По наводке зоркого эксплоратора Нуманта друзья Аврелий и Скевий однажды изобретательно подстерегли благочестивого сенатора на ступенях базилики. На двоих они затеяли громкую богословскую беседу, словно в иудейской синагоге. Но, в отличие от обычного еврейского горлодрания и горлопанства, какому зачастую следуют и неистовые христианские проповедники, оба хитроумных школяра-ритора дискутировали степенно, горячо не дебатировали, но развивали в катаскеве взаимные теологические тезисы. Непохожи они и на бродячих немытых софистов-киников, поскольку по-юношески безбороды, благопристойно одеты в чистые туники и сандалии из тонко выделанной кожи.
Богомольные и достоимущие прихожане не замедлили к ним прислушаться, если младенческие уста в простодушии юных сердец разглагольствуют о божественном. Видимо, сам Бог заботится о том, чтобы они говорили умно, праведно и благочестиво.
Самым естественным образом к небольшому кружку слушателей, изначально внимавших двум ученикам достопочтенного, пусть он там и язычник, профессора Эпистемона, начала понемногу присоединяться досужая публика. Задержался поодаль и сенатор Фабий со свитой клиентов. Потому что эти алюмнусы, — оно тебе сразу видно, — истовые христиане.
Больше всего Фабию Атебану пришелся по душе и по уму мудрый тезис школяра Аврелия о настоящем философском просвещении, какое привносит в мир христианство. Данную гипотезу катехумен Аврелий подкрепил канонической и католической цитатой из Евангелия от Матфея. Действительно и дословно: «Книжник, наученный Царству Небесному, подобен хозяину, который выносит из сокровищницы своей новое и старое».
Тогда как в обрядовом порядке крещеный душой и телом Скевий экспромтом развил тезис собеседника, заведя речь о том, при каких любомудрых обстоятельствах прозвучала на озере Геннисаретском евангельская заповедь Иисуса Христа не только проповедовать изустно, но и письменно сохранять, преумножая, распространять в книгах духовное философское знание в качестве апостолического индикиума к дотоле изложенным благовестным рацеям-назиданиям и параболам-притчам.
Ценную благую мысль друга Скевия на лету подхватил друг Аврелий, высказав где-то им почерпнутое мнение, что истинная философия не может не содержать духовный религиозный смысл, хотя бы ее носитель даже был язычником-гентилем, умершим задолго до наступления христианской эры и спасительного пришествия Иисуса Мессии. Например, значительные и многозначные труды выдающегося мыслителя древности Туллия Кикерона. Можно также упомянуть уместно письма философа Сенеки Младшего, того, кто обменивался посланиями со Святым апостолом Павлом и по всем вероятиям намеревался перейти в христианскую веру…
Книжная мудрость двух благонамеренных школяров малость подыссякла, но тут, на их счастье, сенатор Фабий Атебан, должно быть, вспомнил о делах и общественных обязанностях. По его знаку двое широкоплечих рабов раздвинули толпу зевак, чтобы доминус мог подойти, чин по чину представиться и церемонно познакомиться с умными, поистине праведными в подлинной вере христианскими юношами.

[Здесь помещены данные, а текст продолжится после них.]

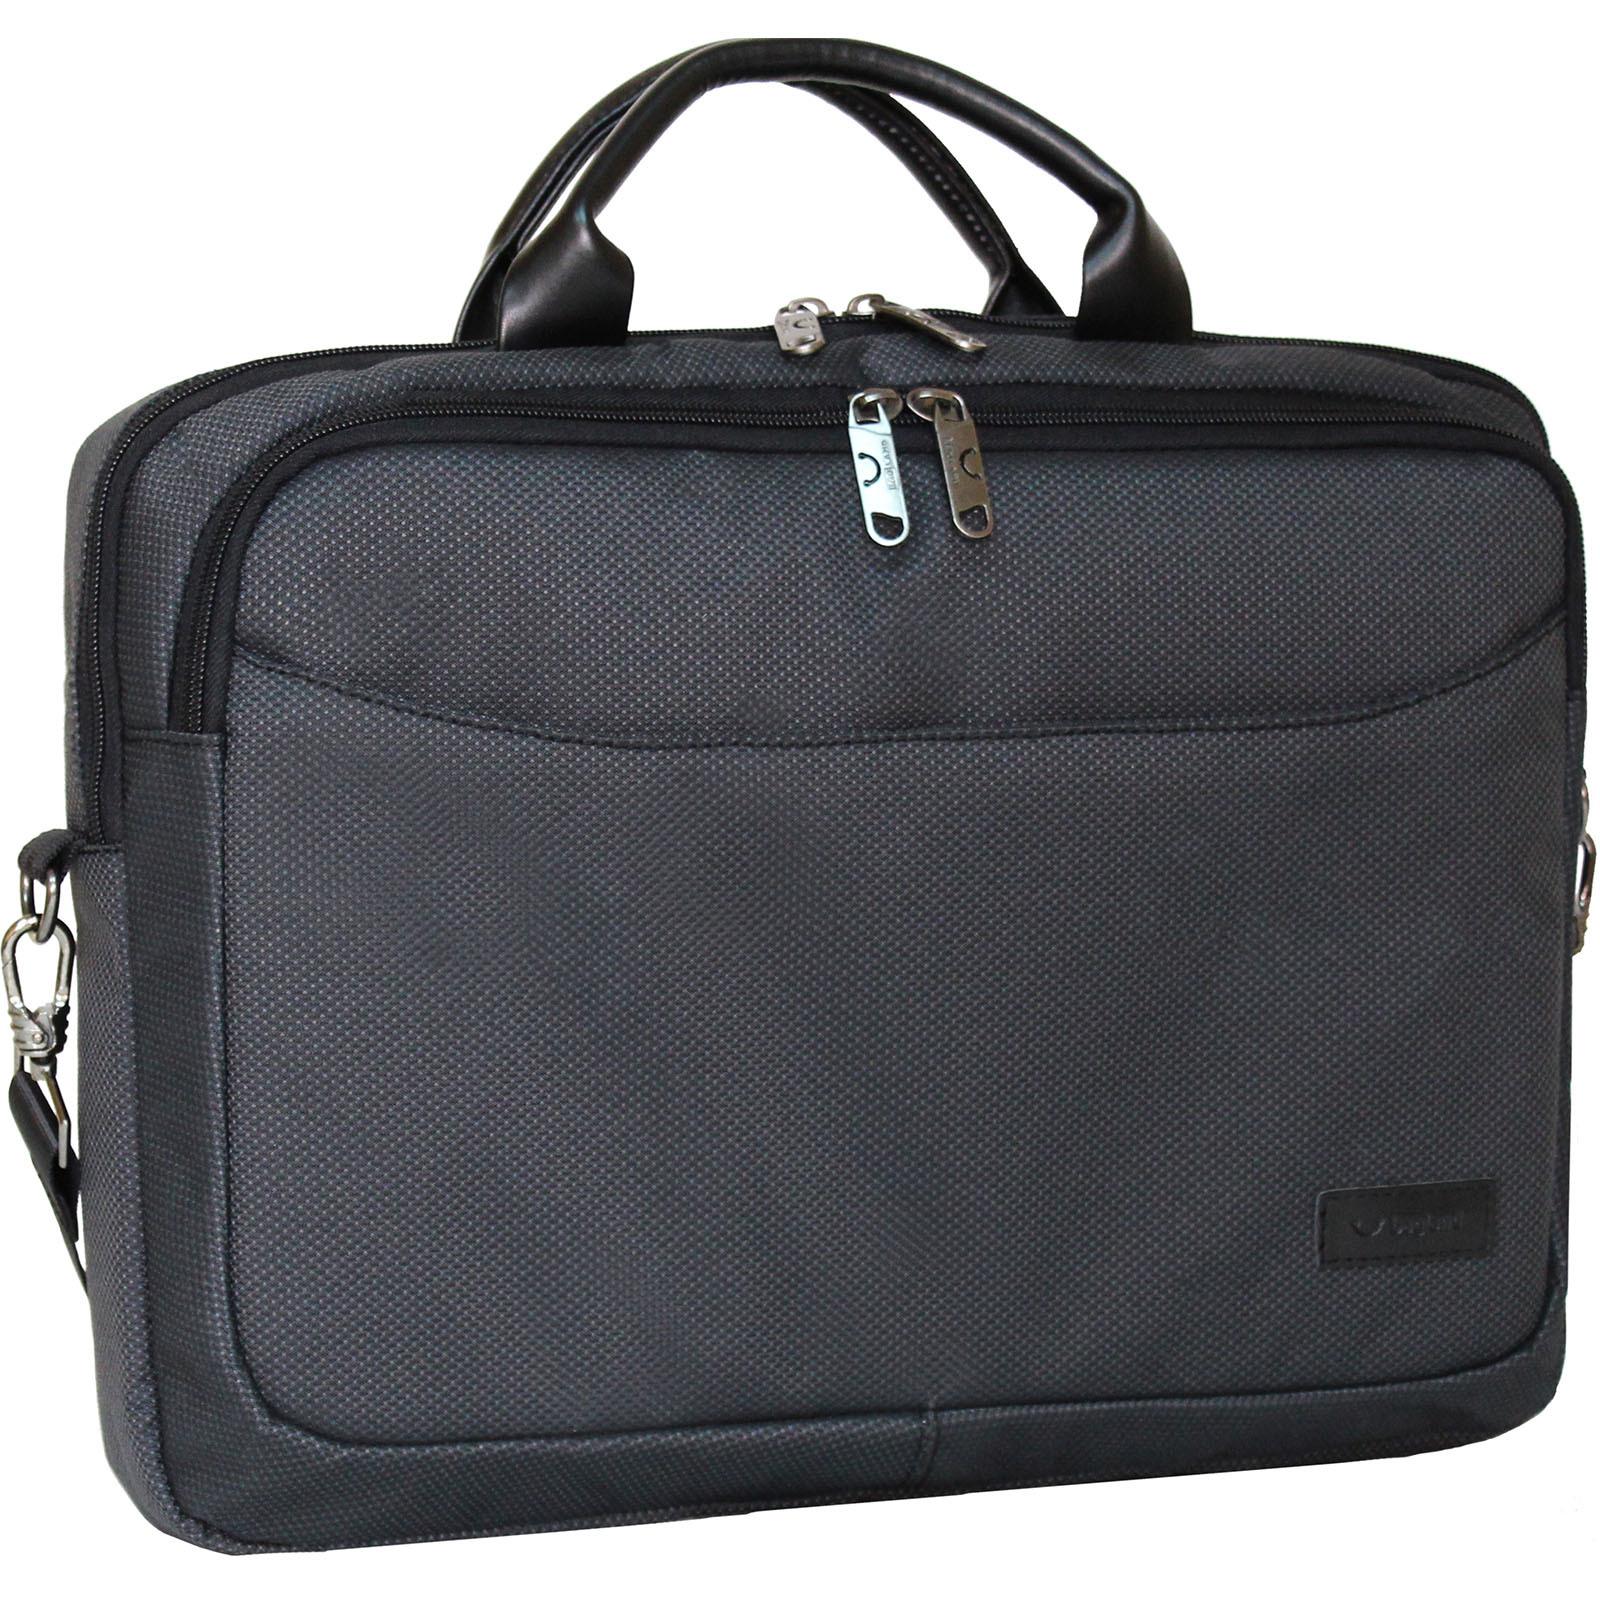 Сумки для ноутбука Сумка для ноутбука Bagland Fremont 11 л. Чёрный (00427169) IMG_1874.JPG

Сенатор выяснил, как их полнозначно зовут, кто у них отцы, откуда оба родом. Лестно для них удивился, узнав, у кого же учатся эти славные молодые люди. В заключение пригласил обоих, нисколь не чинясь, приходить в его домашнюю библиотеку. Необходимые распоряжения отпущеннику-домоправителю, рабу-архивисту и прочим либрариям он обязательно отдаст, чтобы его домочадцы им оказывали всевозможное содействие и выказывали почтительное благорасположение. Тем более, если у него самое лучшее в городе и самое полное собрание сочинений достославного римского элоквентора и достоименного философа Марка Туллия Кикерона…
Аврелий впоследствии по-разному иной раз припоминал различные обстоятельства своей юности в проконсульском Картаге, но одна нечаянная встреча с рабыней Сабиной в сенаторской библиотеке у него накрепко отложилась в памяти. Он великолепно помнил, какой именно свиток она тогда взяла для молодой хозяйки, и то, что они пока еще не сказали друг другу ни полслова.

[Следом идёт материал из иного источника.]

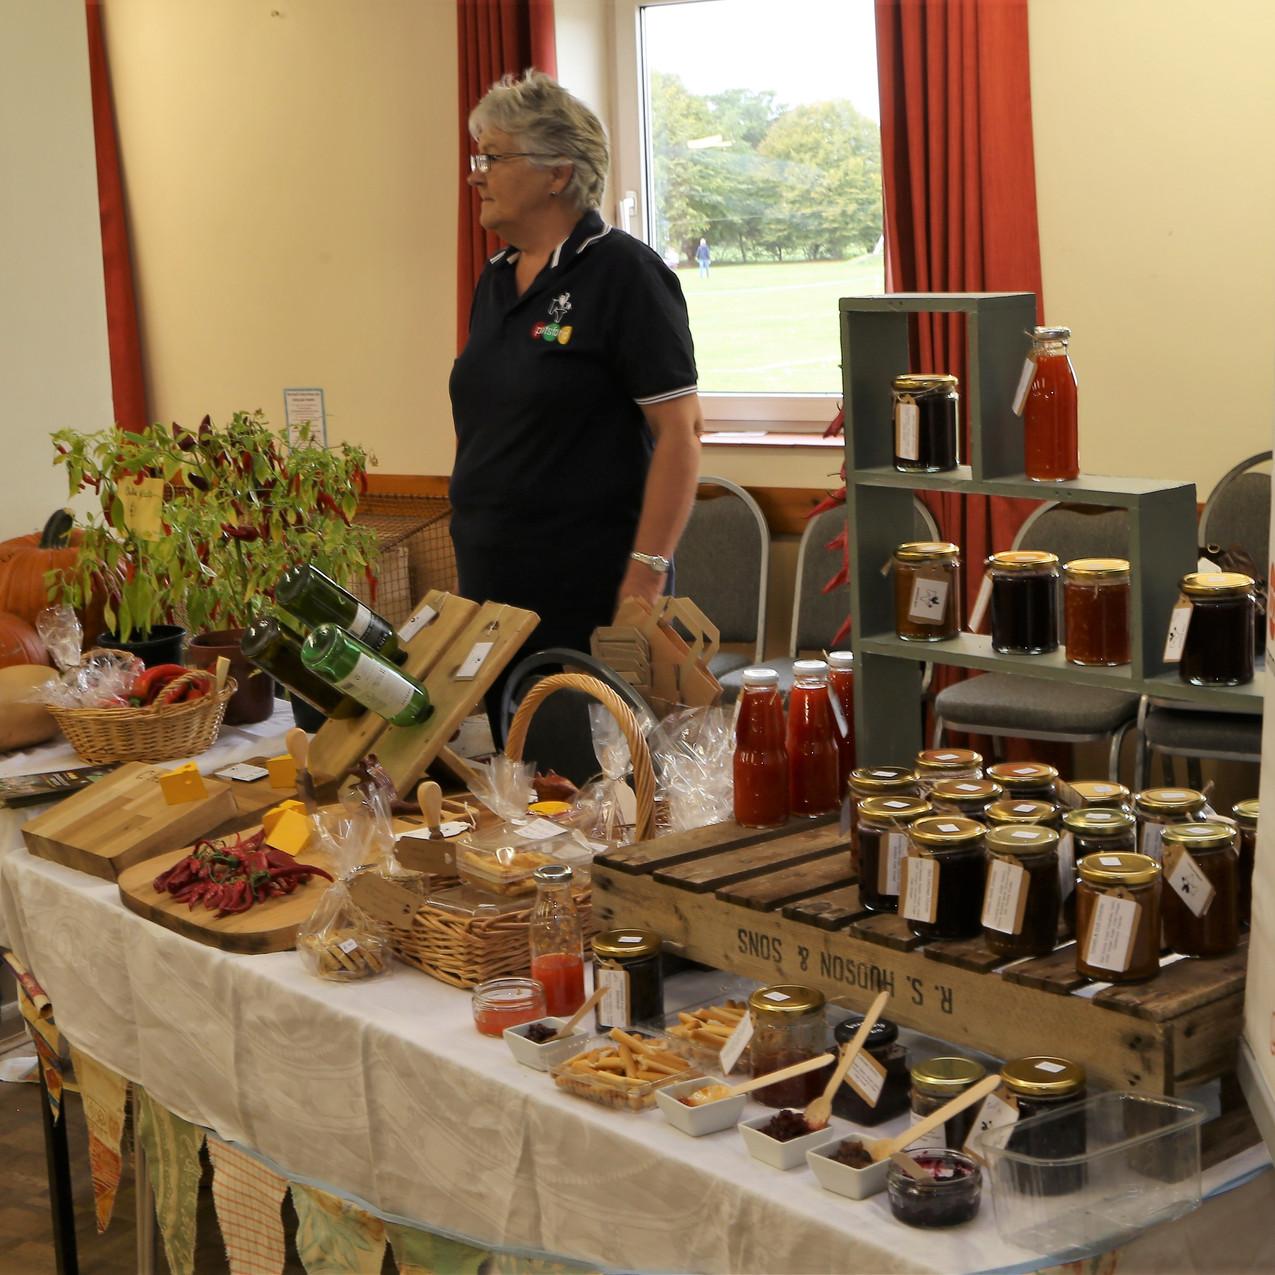 Potsford produce

После он неоднократно видел Сабину в театре, на декламациях в Одеоне, какие старалась не пропускать ее образованная домина для встреч и перемигиваний с женихом. Аврелий и в цирк зачастил, если там с той же целью постоянно появляется младшая дочь сенатора. Тем временем в доме декуриона Фабия вовсю шли приготовления к предстоящему торжественному бракосочетанию.
На большое свадебное пиршество Фабий милостиво и хлебосольно также просил пожаловать, так полюбившихся ему скромных юношей Аврелия со Скевием. Пожалуй, молодого Романиана из Тагасты он никогда не заставал в библиотеке, зато юный Августин там чуть ли не днюет и ночует. И он давно уж распорядился, чтобы за обедом Аврелия, всегдашним порядком устраивали, усаживали на хорошее место среди умных собеседников. Если этот сдержанный, воспитанный юноша молча слушает старших, лишь отвечая учтиво на вопросы, когда к нему обращаются, то он очень хороший удобный собеседник, кому никак нельзя отказать в немалом уме и образованности. Тем более, к обеду его приходится звать из библиотеки, где он вдумчиво интересуется списками старых и новых философов.
Аврелий в самом деле читал, переписывал для памяти труды Марка Кикерона и даже диалоги Платона, кое-что на греческом копируя по-школьному латинскими литерами. Однако главный его интерес вовсе не был образовательным и лежал в совершенно другой плоскости.
Ах, моя Сабина… Ни сон, ни явь…
С Сабиной он нередко сталкивался в библиотеке, в коридорах и переходах обширного сенаторского особняка. Но заговорить не смел, жутко боялся ее презрительного взгляда. Ой как бы ему не нарваться на жесткие, лишающие надежды на примирение резкие слова! Но наготове извинения за то опрометчивое опрокидывание, случившееся в феврале.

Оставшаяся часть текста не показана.